Abstracts of Research Papers
Relative Importance of Sectoral and Aggregate Sources of Price Changes
Abstract: This paper estimates a dynamic common factor model to assess relative importance of the aggregate and the sector-specific factors that determine changes in the prices of individual products. It also examines how aggregate price changes are affected by these factors. Two different specifications of the model are estimated: the baseline model with one aggregate factor, and a second specification with two aggregate factors. In the one factor model, the aggregate factor contributes little to the movements of changes in prices, mostly of nondurable goods whereas it seems to have important contributions to the movements of changes in prices of commodity groups mainly used as intermediate or capital goods. In the specification with two aggregate factors, the additional factor has significant effects on changes in prices of 'farm products' and 'processed foods and feeds' only. Forecast-error variance decompositions of both aggregate and disaggregate price changes suggest that sectoral factors account for most of the variability at short horizons while the contributions of the aggregate factors increase as the time horizon lengthens. The results also show that sectoral factors are not only important for relative price changes but also have significant impact on aggregate inflation. The estimated common factors have statistically significant correlations with money growth and changes in the unemployment rate.
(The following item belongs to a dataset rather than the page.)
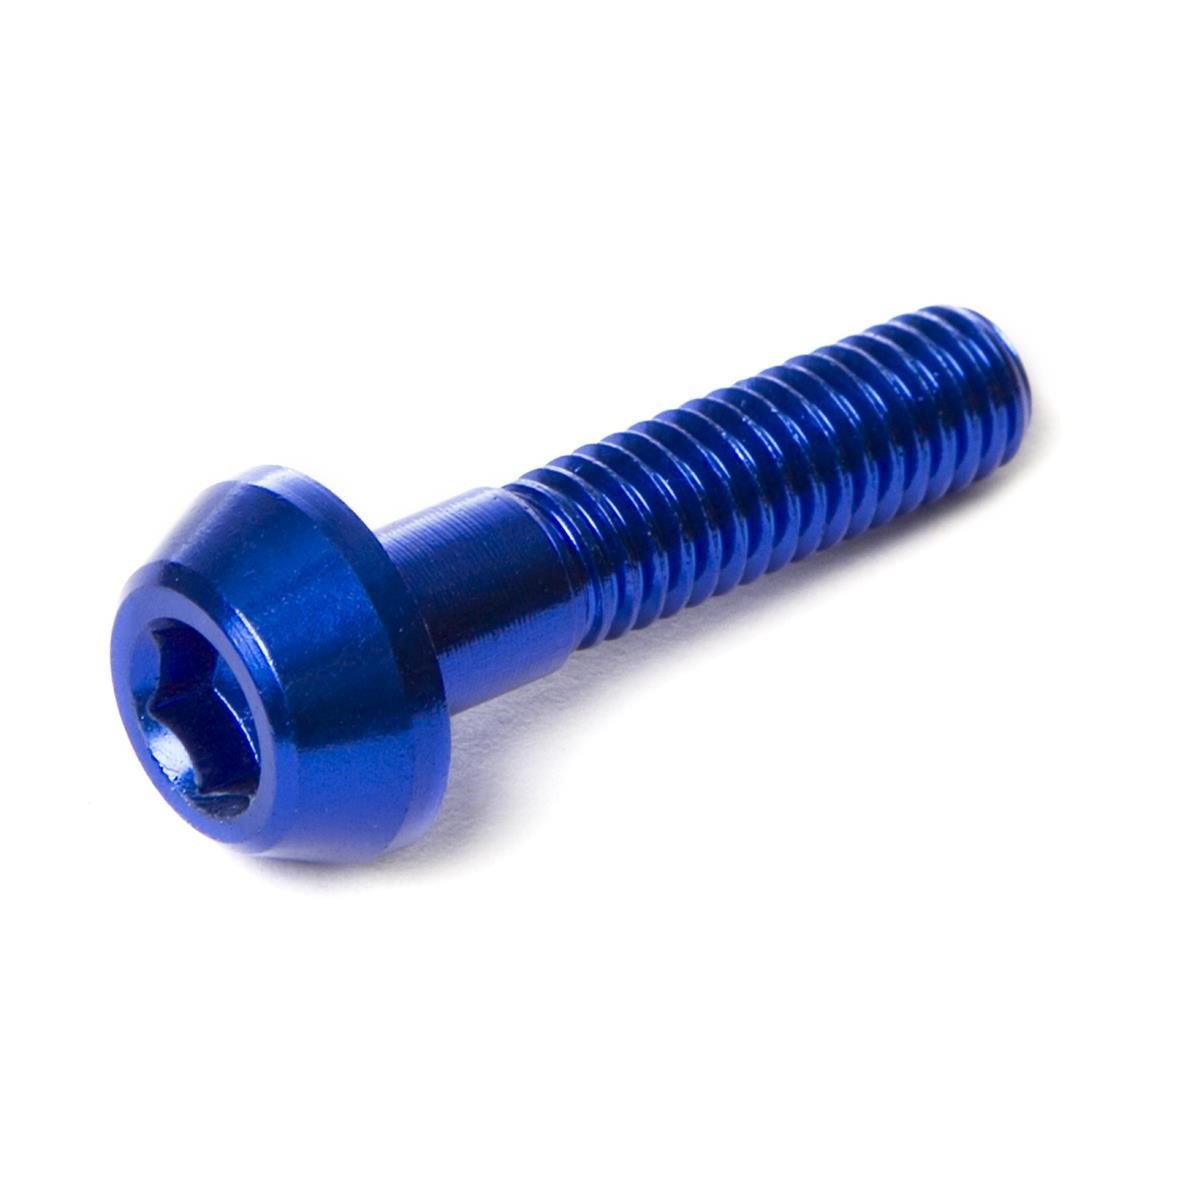 DRC Inner Hex Bolts  M6 x 12 mm, Blue, Pack of 20

Assessing Cross-Industry Effects of B2B E-commerce
Abstract: The productivity gain that an industry experiences by engaging in B2B e-commerce gets transmitted to other industries through input-output linkages. This paper considers a multi-industry equilibrium model that explicitly incorporates input-output structure to examine the propagation of productivity gain across industries and to provide a framework to quantitatively evaluate the overall impact of B2B e-commerce. This model also helps identify the industries with potential for largest impact on other industries. We also demonstrate how this model can be used to make projections of output growth that would result from the introduction of B2B in selected industries.
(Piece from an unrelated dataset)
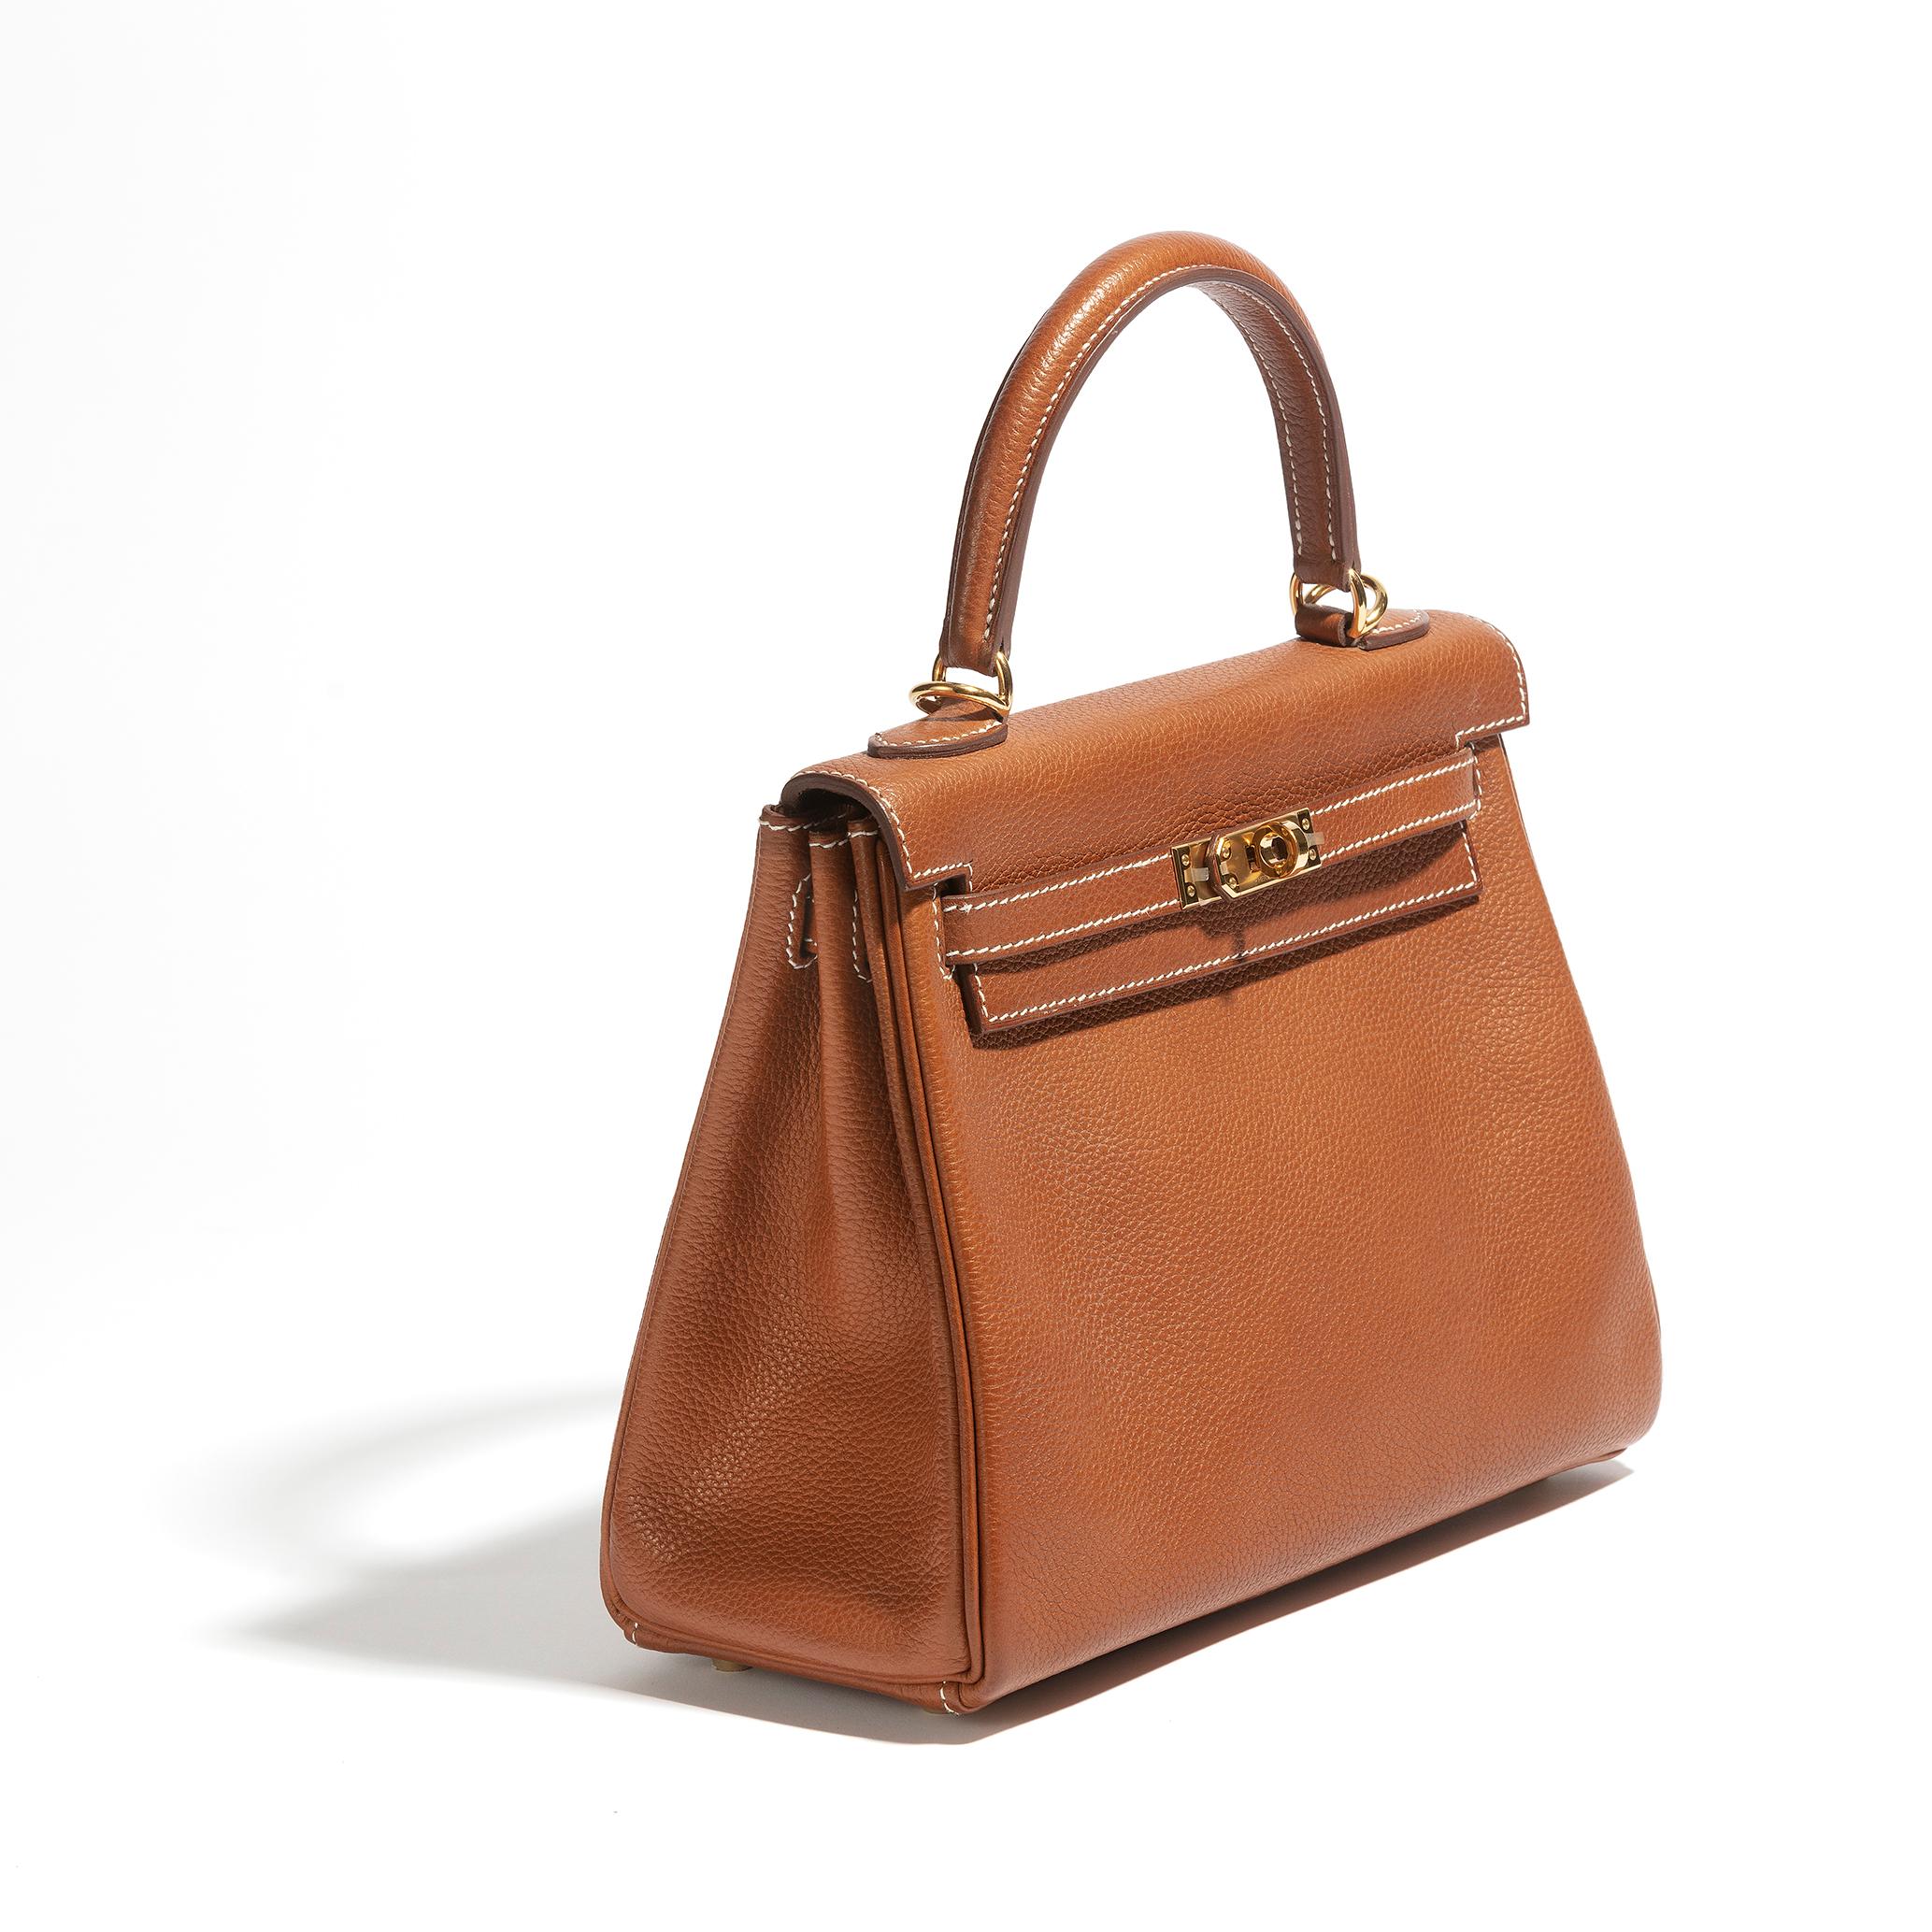 A stunning and rare collector's item, this is a 25cm retourne kelly in barenia faubourg, one of Hermès' most luxurious leather. A buttery tan hue, the fauve colour is particularly beautiful with the gold hardware, still with plastic protectors. The

The Rise of an Enclave Economy
Abstract : Development theories of dual economy emphasize interactions between the modern sector and the traditional sector through factor and commodity market linkages for long run growth of the economy. Within this paradigm of development this paper tries to explain why substantial investments in a modern sector in Assam during the later half of the nineteenth century failed to trigger off a process of sustained growth that encompasses the agriculture-based traditional sector. On the basis of the available historical evidences - both statistical and anecdotal - it establishes that on the eve of the British colonization Assam was a labor-short, barter economy having limited trade links with the rest of the world. After the British established their rule substantial investments took place in a modern sector that consisted mainly of tea plantation. However these investments could not establish any link between the modern and the traditional sector through important linkage effects in capital, labor and commodity markets. With these missing links the dual economy that emerged, instead of projecting the economy in a path of long run growth, gave rise to an economic enclave that remained backward for years to come.
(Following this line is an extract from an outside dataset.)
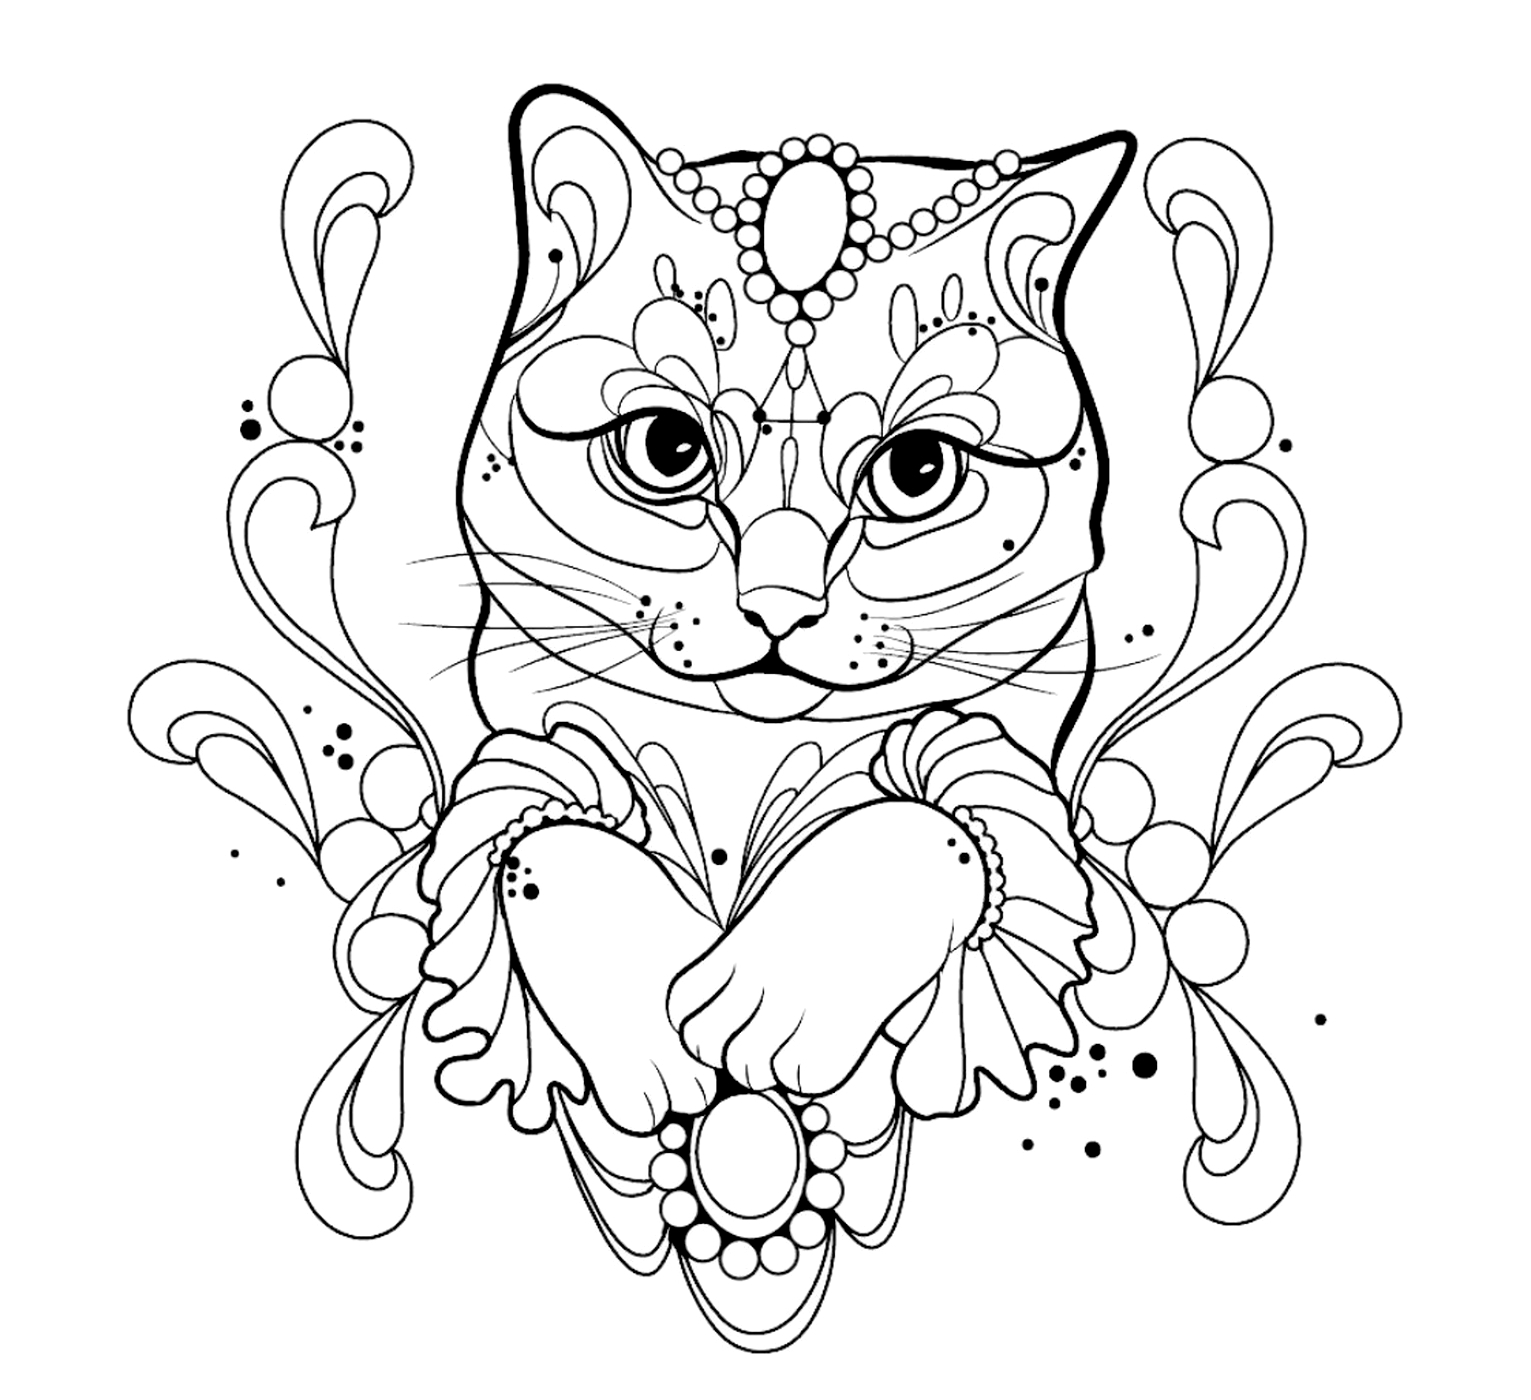 Coloring page mischievous patterned cat

Service Sector inToday's Information Economy
Abstract: This paper presents the results of our empirical research in measuring the size and structure of the US information economy in 1992 and in assessing the growth experienced by different industries and sectors since Porat's research on the US information economy for 1967. The study indicates that the share of the information economy in total GNP grew from about 46 percent in 1967 to about 56 percent in 1992. The study further indicates that during this time period the share of service sector information activities in total GNP increased substantially, while the shares of non-service sectors declined correspondingly. The industries displaying the largest growth rates include business services, and medical and educational services. The paper also provides a critical evaluation of Porat's methodology and suggests specific improvements that are needed to obtain a more accurate measure of the size of the information economy.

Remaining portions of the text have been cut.